Unique removes duplicate results (on by default, since extraction usually wants a distinct set), and sort orders them alphabetically. The default example extracts email addresses and, with unique on, collapses the repeated address into a single entry. Use Copy list to grab everything at once.

The pattern is matched globally with your browser's own regex engine. Nothing is uploaded, so it is safe to extract data from internal logs, exports, or documents.

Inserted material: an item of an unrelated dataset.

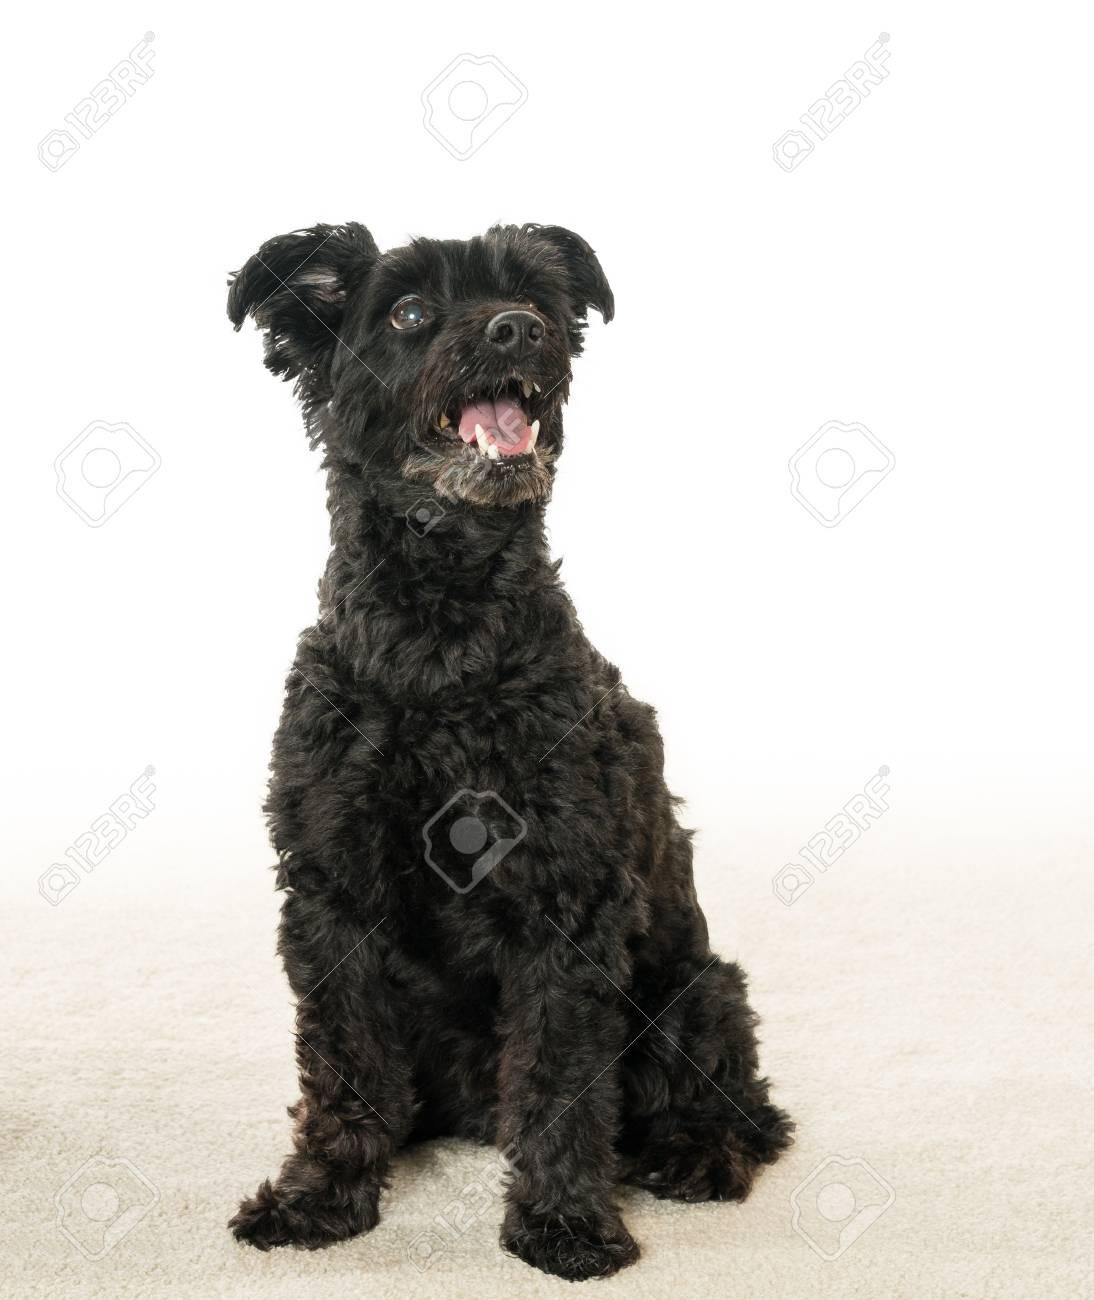 Isolierte Porträt Von Schwarzen Yorkie Poo Oder Yorkshire Terrier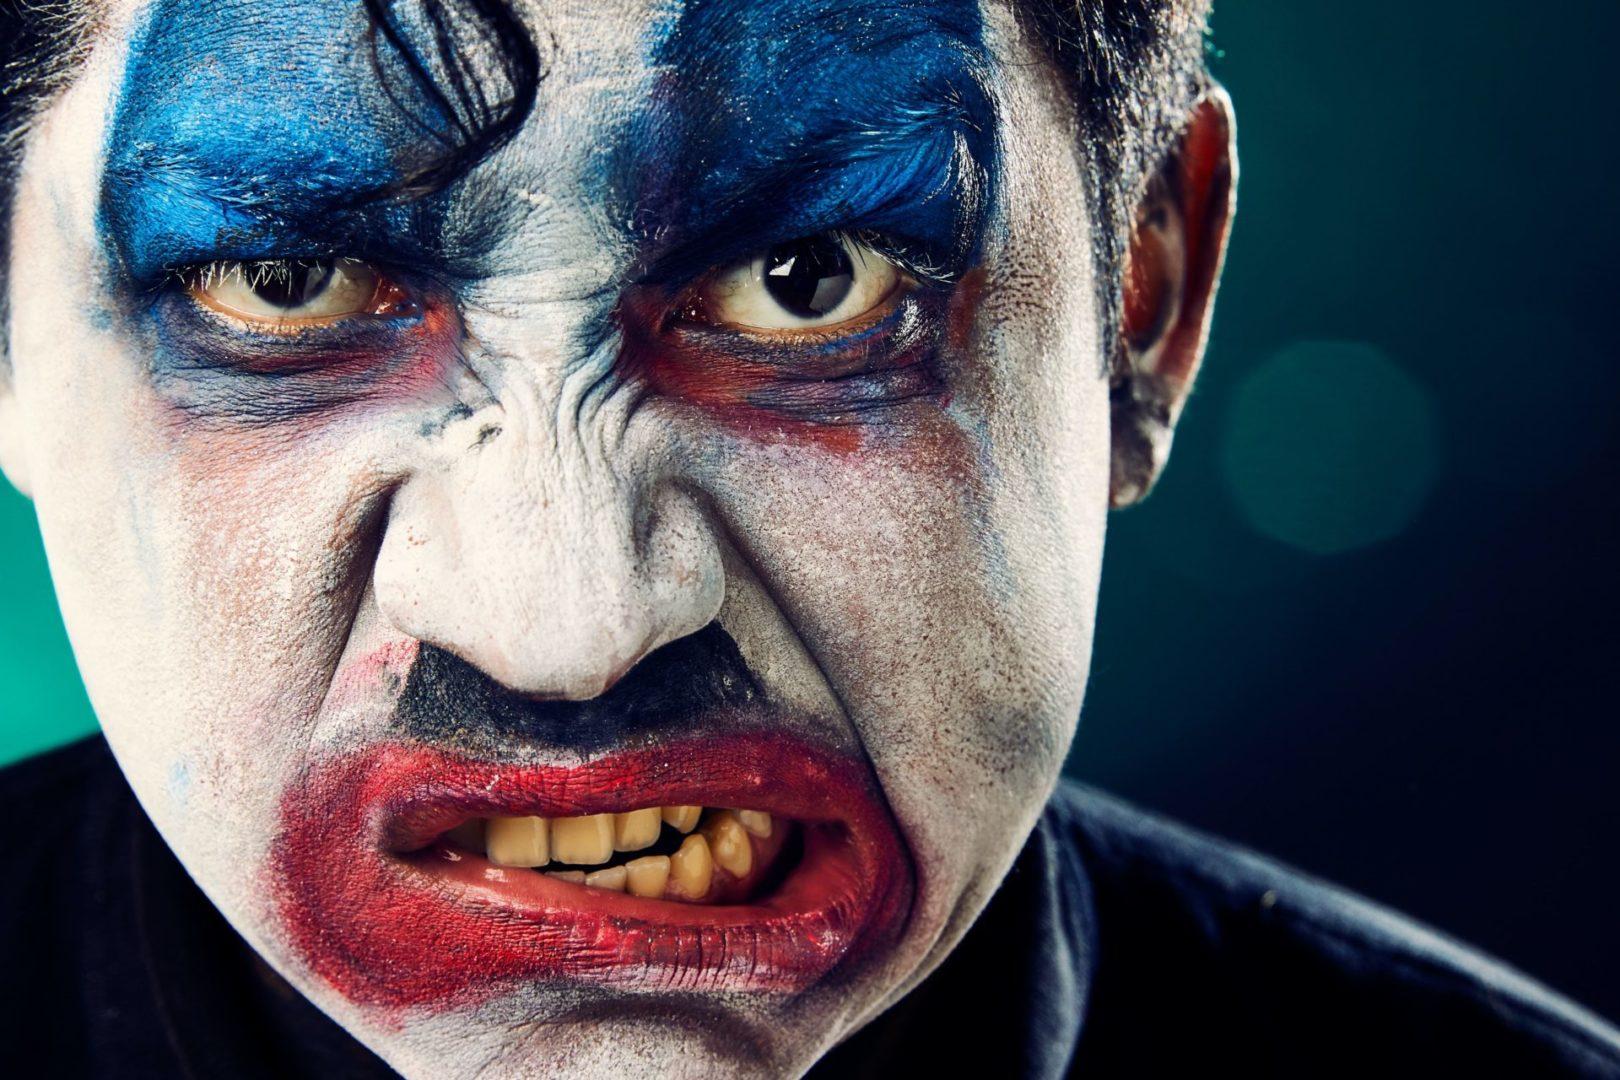 Ilustracja artykułu o porozumieniu bez przemocy. Na zdjęciu mężczyzna umalowany jak klaun, który robi minę, wykrywając usta.

Extracting data with regular expressions

Extraction is one of the most practical uses of regular expressions. Instead of testing whether text matches a pattern, you scan the whole input and collect every place it does. A global match walks through the string and returns each hit in order, which turns an unstructured blob — a log file, an email thread, a scraped page, a CSV cell — into a tidy list of just the parts you care about. Common targets are email addresses, URLs, IP addresses, phone numbers, hashtags, ticket IDs, and numeric values.

Capture groups make extraction sharper. A pattern can match a broad context but capture only the piece you want: match href="(...)" across a page and output group 1 to get just the URLs, or match a key-value line and capture the value. Choosing the group to emit means you do not have to post-process the results to trim away surrounding text. That is why this tool lets you select which group becomes the output line.

Two refinements turn raw matches into usable data: deduplication and sorting. Real text repeats things — the same address, the same domain — so a distinct set is usually what you actually want, and sorting makes a long list scannable and diff-friendly. Keep in mind that regular expressions are pattern matchers, not parsers: they are perfect for well-shaped tokens like emails and IDs, but for deeply nested structures such as HTML or JSON a real parser is safer. For the everyday job of pulling repeated tokens out of text, a global regex with a capture group is hard to beat.

Common use cases

  • Harvesting contacts. Pull every email address or phone number out of a document or export into a clean list.
  • Collecting URLs. Extract all links from HTML or text, optionally capturing just the domain or path.
  • Mining logs. Grab all IDs, IPs, timestamps, or error codes that match a pattern for further analysis.
  • Building datasets. Turn messy source text into a sorted, deduplicated column ready to paste into a spreadsheet.

Frequently asked questions

How do I extract only part of each match?

Add a capture group to your pattern and select Group 1, 2, or 3 as the output. The tool then emits just that captured substring instead of the whole match.

Does it remove duplicates?

Yes, when the Unique option is on (the default). It keeps the first occurrence of each distinct result. Turn it off to keep every match including repeats.

Why are some expected matches missing?

Check case sensitivity and the multiline flag, and confirm your pattern is not too strict. Extraction always runs globally, so every non-overlapping match in the text is returned.

Can I extract from HTML reliably?

For simple tokens like URLs or attributes, yes. For nested or malformed HTML structure, a real parser is more robust — regex is best for well-shaped patterns.